Боль вспыхивает  внезапно. Вот моя нога цепляется за очередную корягу, Ручища математички неумолимо тянет вперёд, я неловко заваливаюсь на бок.  Боль. электрическим разрядом, жгучими лучами  разбегается по нервам. Голеностопный сустав, голень, бедро. Вскрикиваю и шлёпаюсь пятой точкой на сосновые иглы и шишки. Край одной из них врезается в ягодицу, но это ерунда по сравнению со жгучими лучами. 

Хор замолкает, песня обрывается на половине слова.

- Вставай! – раздражённо орёт математичка, тянет за руку, злобно, с едва скрываемой яростью. – Неуклюжая идиотка, нужно было тебя в школе оставить!

Пытаюсь подняться, но боль выстреливает с новой силой, и я валюсь на землю.

- Блин, - недовольно протягивает кто-то из ребят. – Опять с Вахрушкиной возятся.

- Не человек, а ходячая проблема, - поддерживает Надюха.

- Нет, - продолжает негодовать Краснуха, не успевая подавить отрыжку, и меня обдаёт капустным выхлопом. – Сколько слепых идёт, и никто не додумался упасть. А эта… И ведь остаточное зрение есть.

Боль придаёт мне смелости.

- Ну, простите, что я не до конца ослепла, - произношу, глядя снизу вверх.

- Она ещё и дерзит! – взвизгивает Краснуха. – Нет, вы посмотрите только!

Давид Львович наклоняется надо мной, и я чувствую запах его туалетной воды, свежий, с  нотками грейпфрута и кедра.

И вновь прикосновение горячих рук, жёсткое, деловитое, но от него сердце начинает колотиться сильнее, а к щекам приливает кровь. Боль отступает, но на смену ей приходит странное сладостное ощущение, небывалое, какое-то постыдно- взрослое.

- Нет бы, первую помощь оказать, - ворчит психолог, накладывая тугую повязку. – А то, раскудахтались, как куры.

- Давид Львович, не забывайтесь, - скрипит Краснуха, и в этом скрипе слышатся и досада, и неловкость, и стыд за собственную несдержанность.

А я уже плыву, качаюсь на волнах удовольствия, млею в тепле его рук. Он несёт меня бережно, но так, будто моё тело ничего не весит.

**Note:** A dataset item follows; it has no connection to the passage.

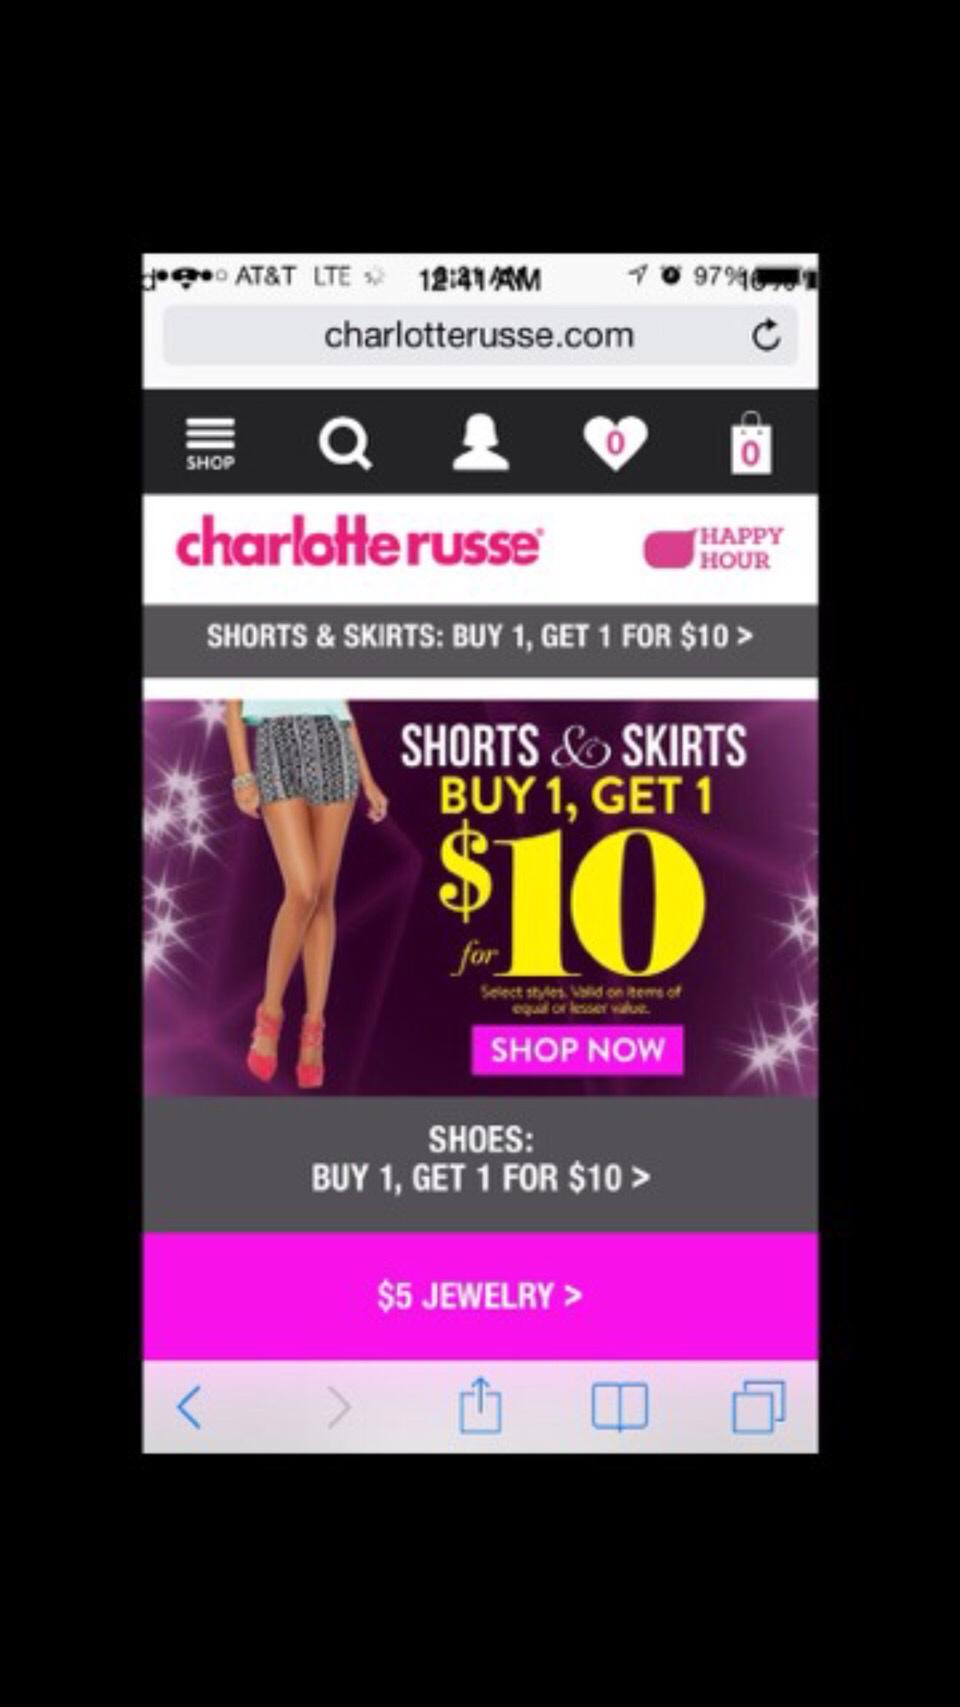 Charlotteeusse.com

Сладостное чувство нарастает, вплетается в мозг, бежит по венам, сжимает сердце, бьётся тысячей разноцветных бабочек в животе.

Девахи вновь затянули песню, но уже о Наташке, которая увела парня. Текст песни выстреливает яростно, воинственно, словно девицы отправлялись эту самую Наташку бить.

Краснуха и физручка оживлённо болтали о садово-огородных делах, ножках Буша, которые достал чей-то муж, и о прохудившихся сапогах.

Молчание между нами казалось мне натянутым, но Давид Львович молчал, позволяя мне краснеть и задыхаться от странных, душащих, и плавящих меня, эмоций.

- А вы не похожи на  психолога, - неожиданно для себя выпаливаю я, и тут же густо, хотя куда уж гуще, краснею.

Вот дура-то! Кто тебя за язык тянул? Нашла мальчика! А ну как подумает, что кокетничаю. Вот умора будет! Полуслепая, со шрамами на щеках замухрышка к педагогу клеится!

- А на кого похож? – в мягкой сочной траве его голоса, мелькнули тёплые, озорные солнечные зайчики.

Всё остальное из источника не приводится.